DATASET SECTION:
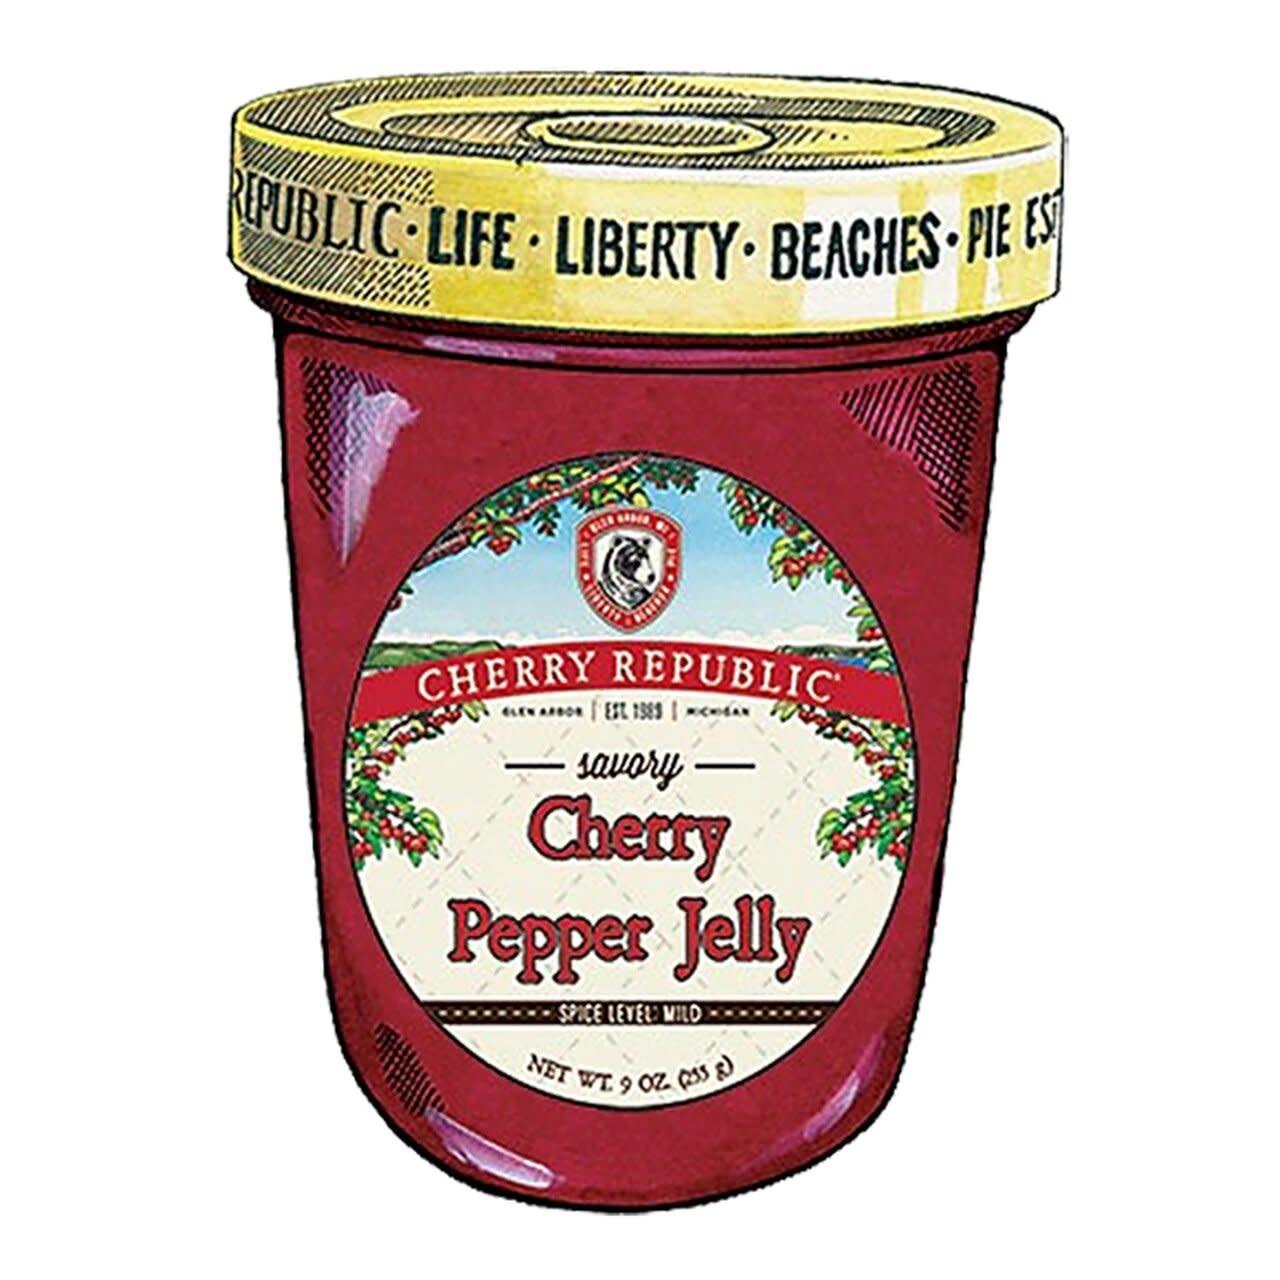 Cherry Republic Cherry Republic Cherry Pepper Jelly 8.5oz
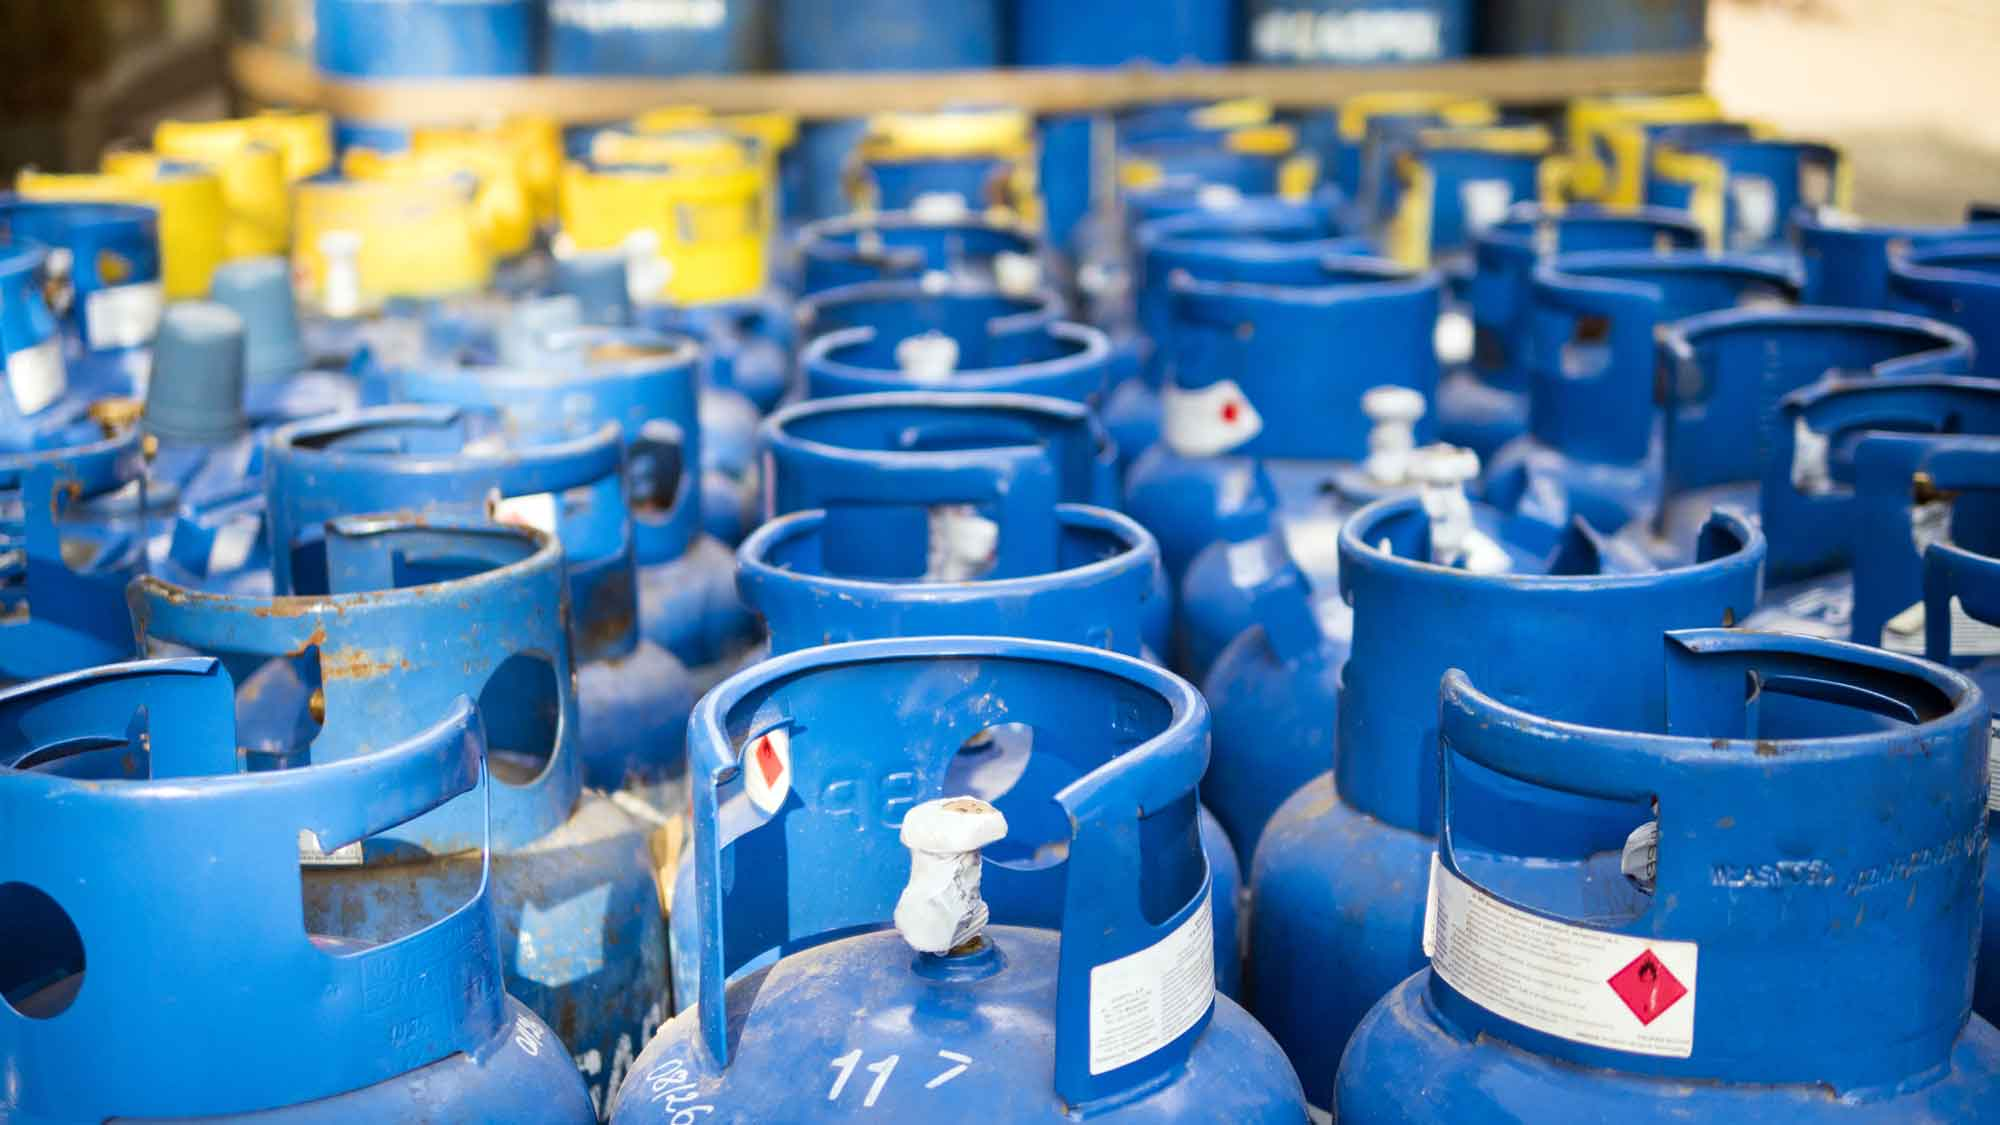 lpg boiler engineer essex maintenance leigh on sea blue tanks
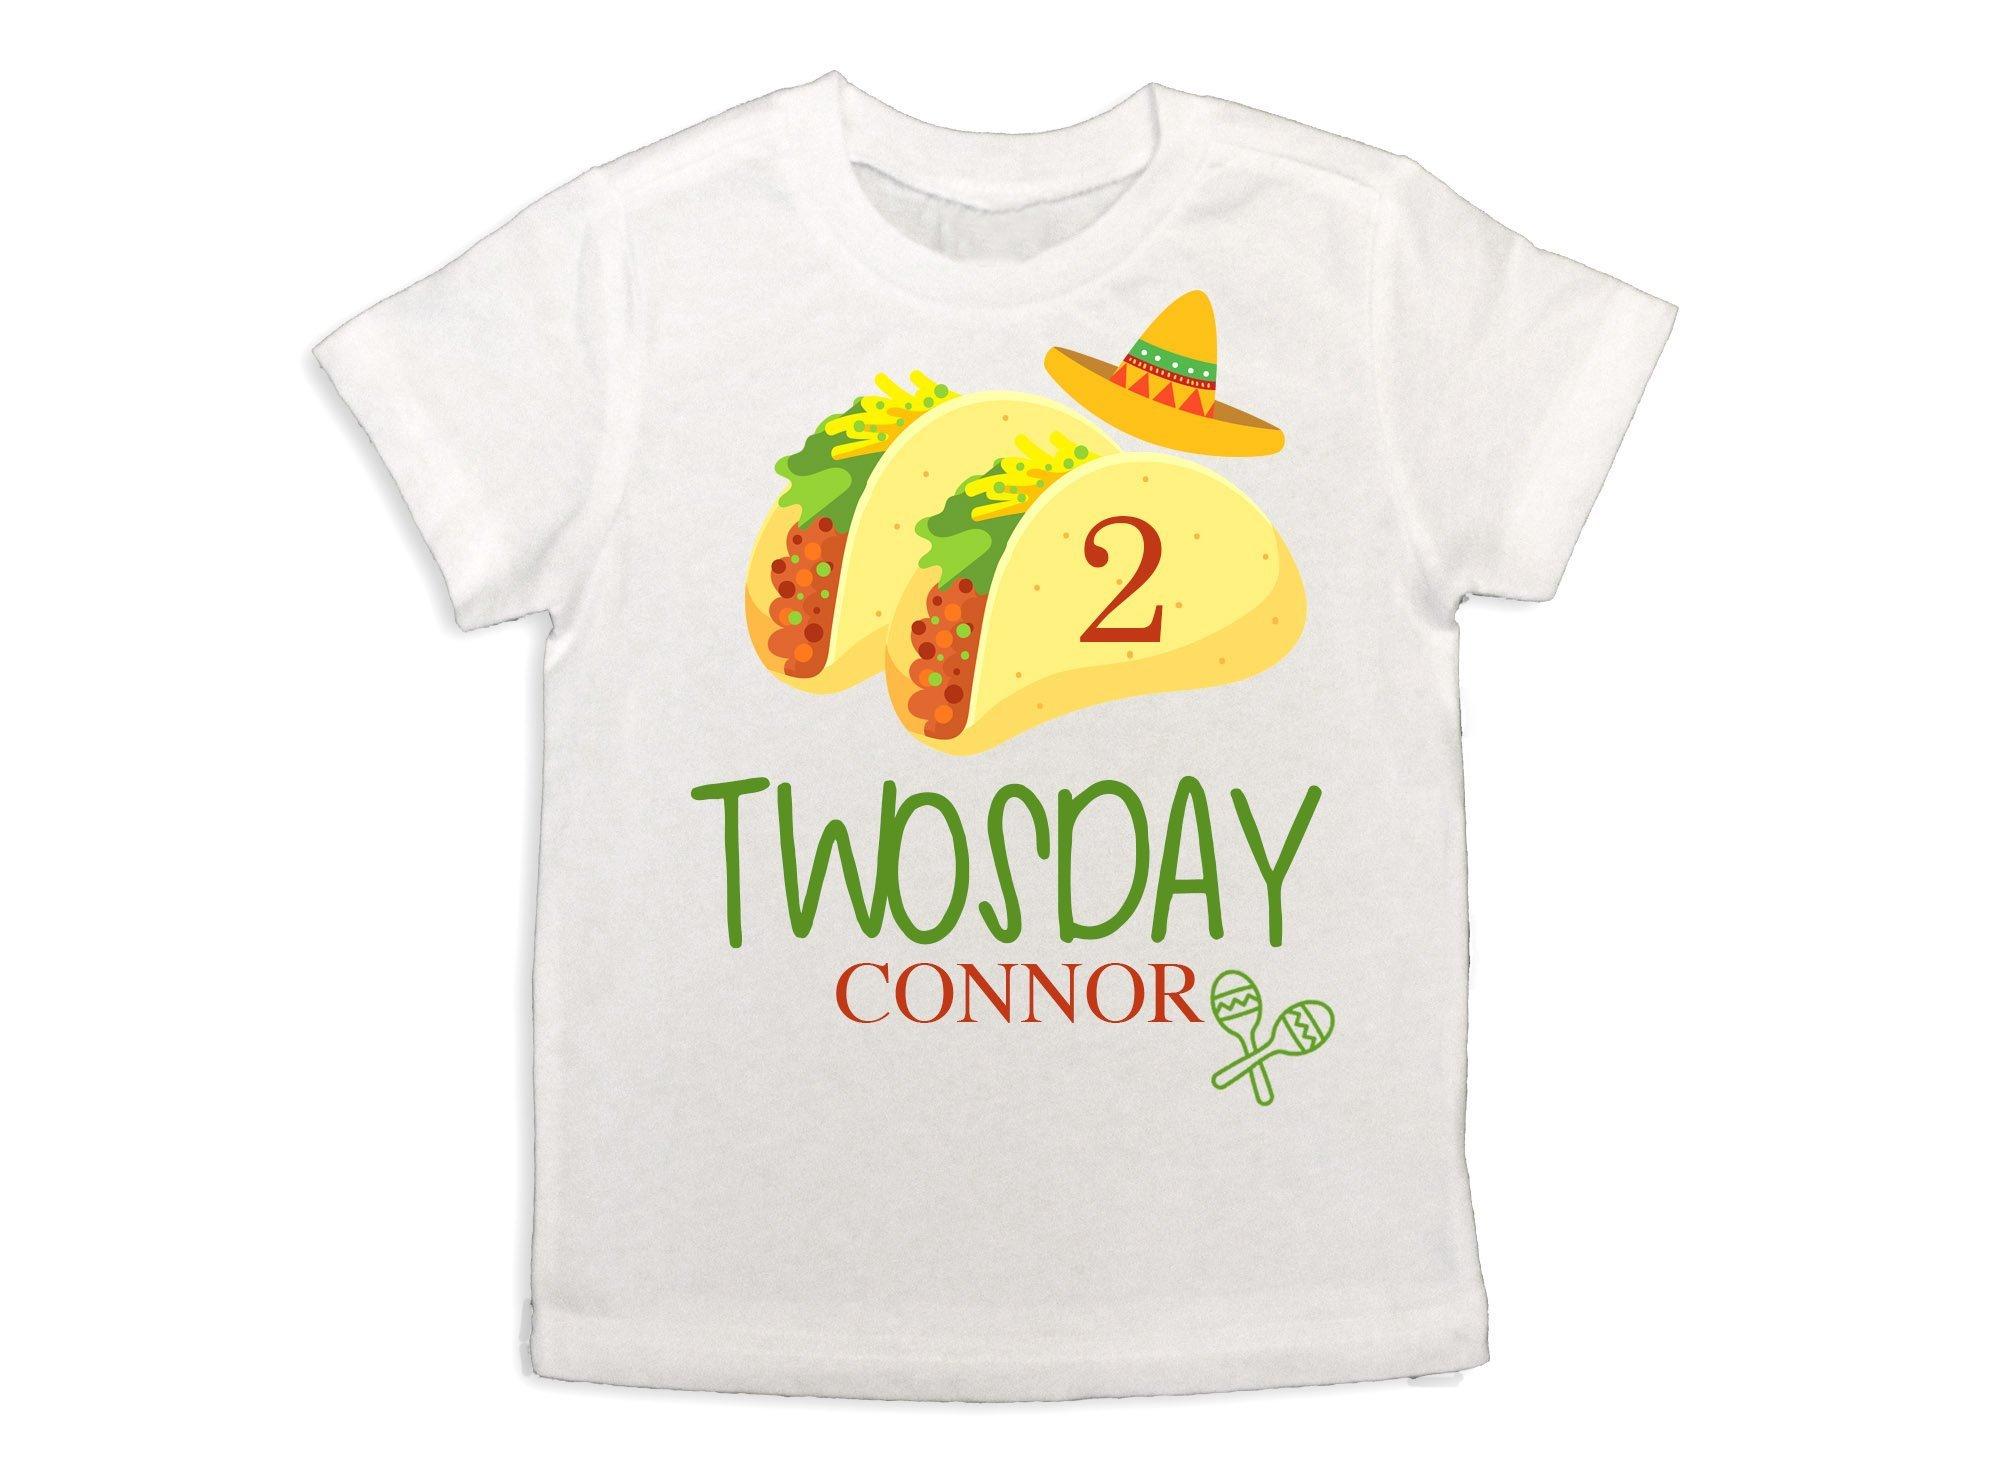 Boy's Taco Twosday Shirt Taco Shirt Baby Boy Fiesta 2nd Birthday Shirt Boys 2nd Birthday Shirt Boys Sombrero Shirt Taco 2nd Birthday Party

WHAT THE EXERCISE ASKS: Reproduce the lines above exactly, image-free.

OUTPUT OF THE TASK:
 Cherry Republic Cherry Republic Cherry Pepper Jelly 8.5oz
 lpg boiler engineer essex maintenance leigh on sea blue tanks
 Boy's Taco Twosday Shirt Taco Shirt Baby Boy Fiesta 2nd Birthday Shirt Boys 2nd Birthday Shirt Boys Sombrero Shirt Taco 2nd Birthday Party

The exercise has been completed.